WHAT THE TASK REQUIRES
Would you transcribe the records below from the line with "A rare early" to the line with "to designs by George Smith.", ends included, exactly and with nothing more, leaving the pictures out?

INFORMATION PROVIDED

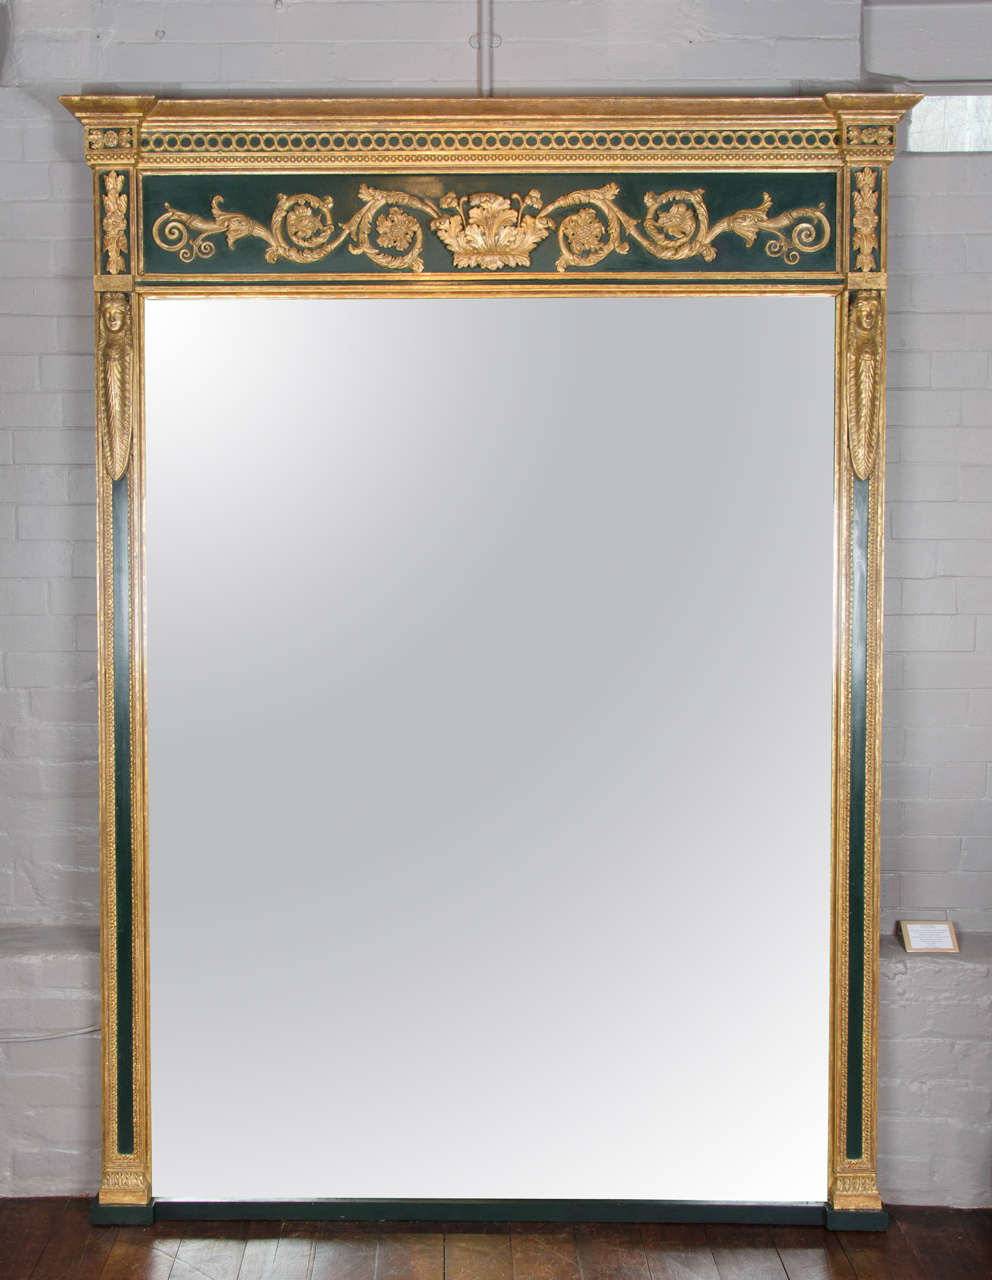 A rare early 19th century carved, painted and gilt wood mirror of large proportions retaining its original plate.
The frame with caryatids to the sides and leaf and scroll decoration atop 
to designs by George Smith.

* * *

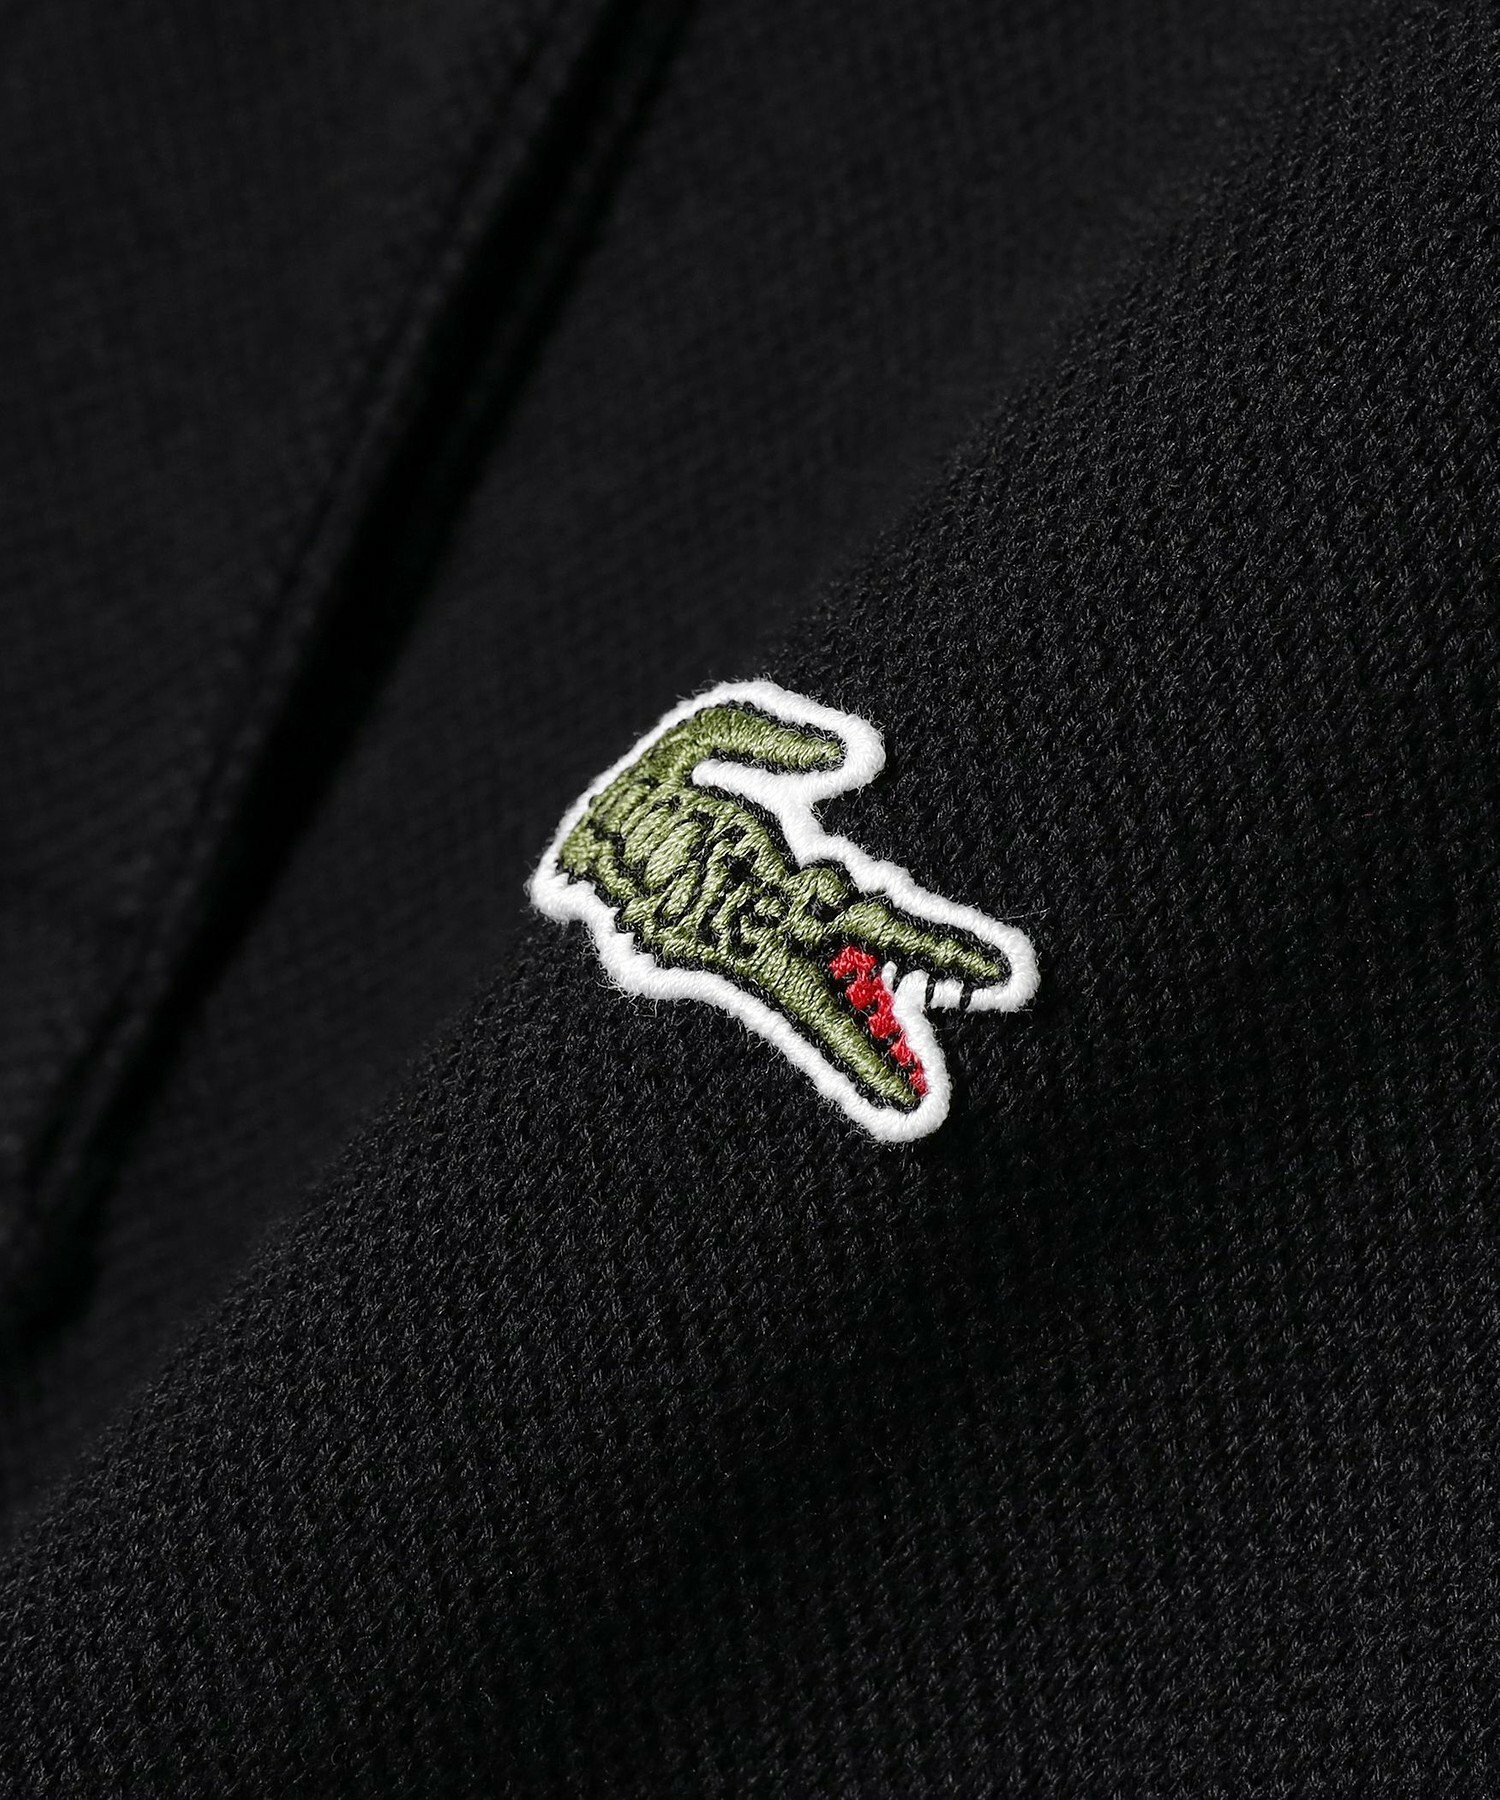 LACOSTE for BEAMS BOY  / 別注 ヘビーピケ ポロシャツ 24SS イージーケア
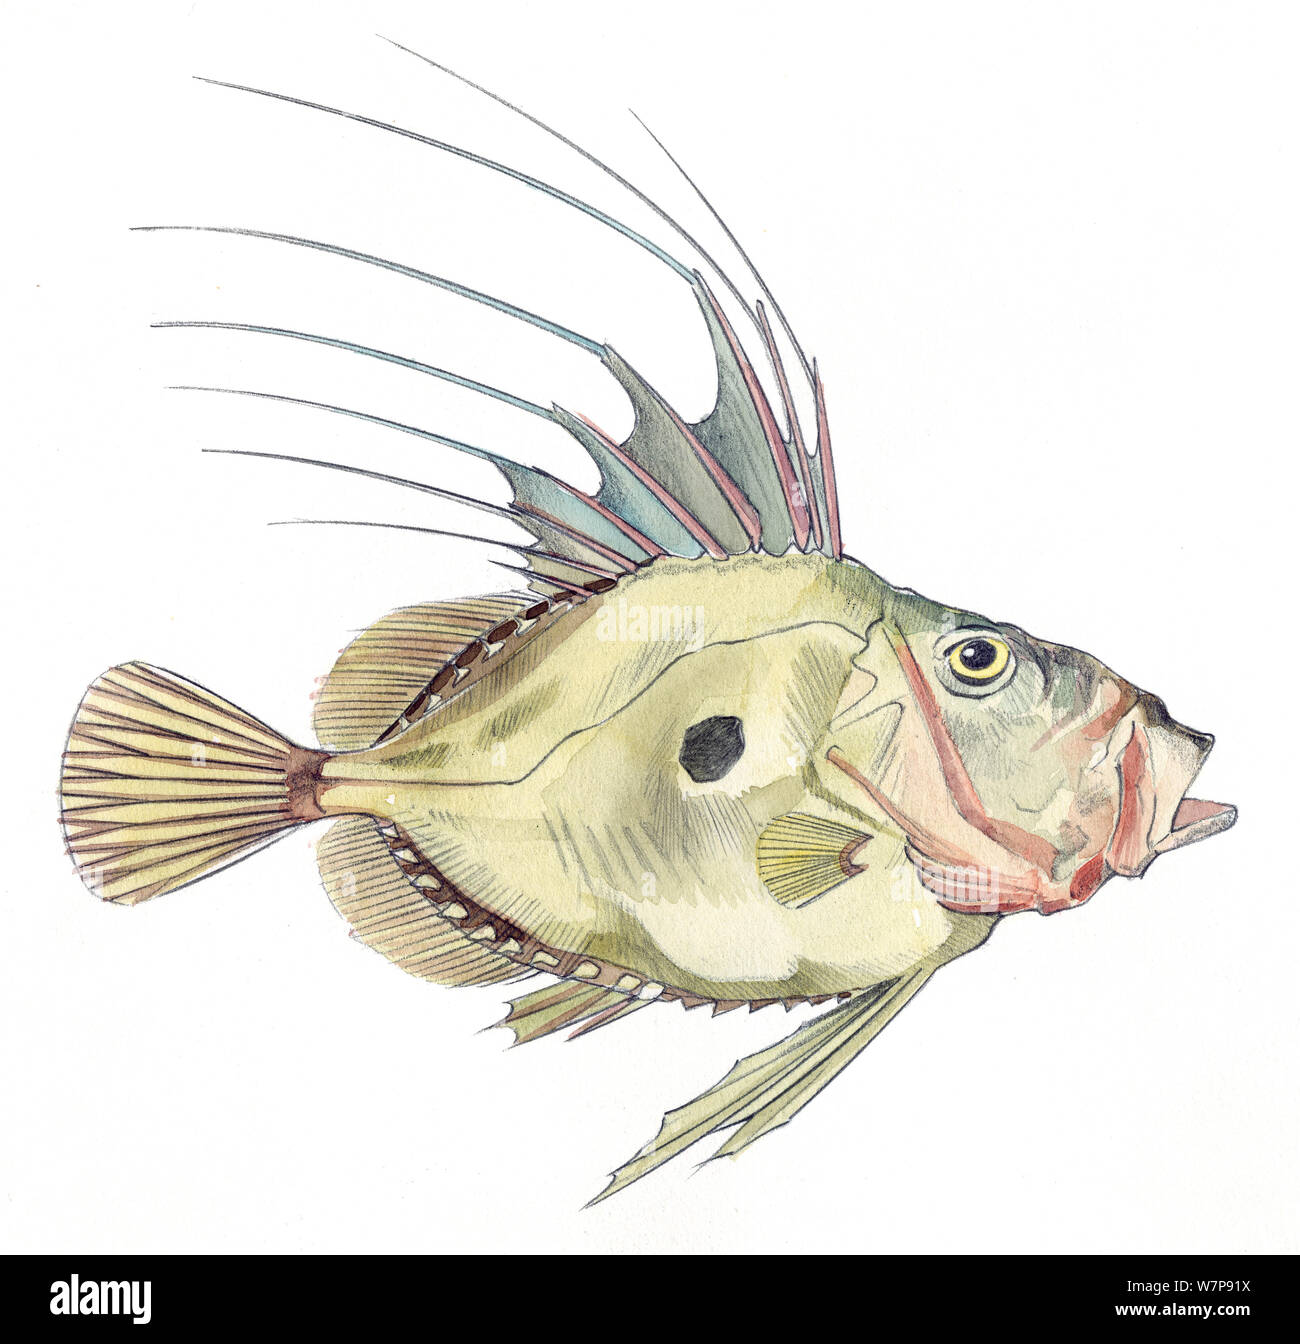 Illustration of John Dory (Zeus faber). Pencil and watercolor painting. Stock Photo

EXERCISE RESULT
 A rare early 19th century carved, painted and gilt wood mirror of large proportions retaining its original plate.
The frame with caryatids to the sides and leaf and scroll decoration atop 
to designs by George Smith.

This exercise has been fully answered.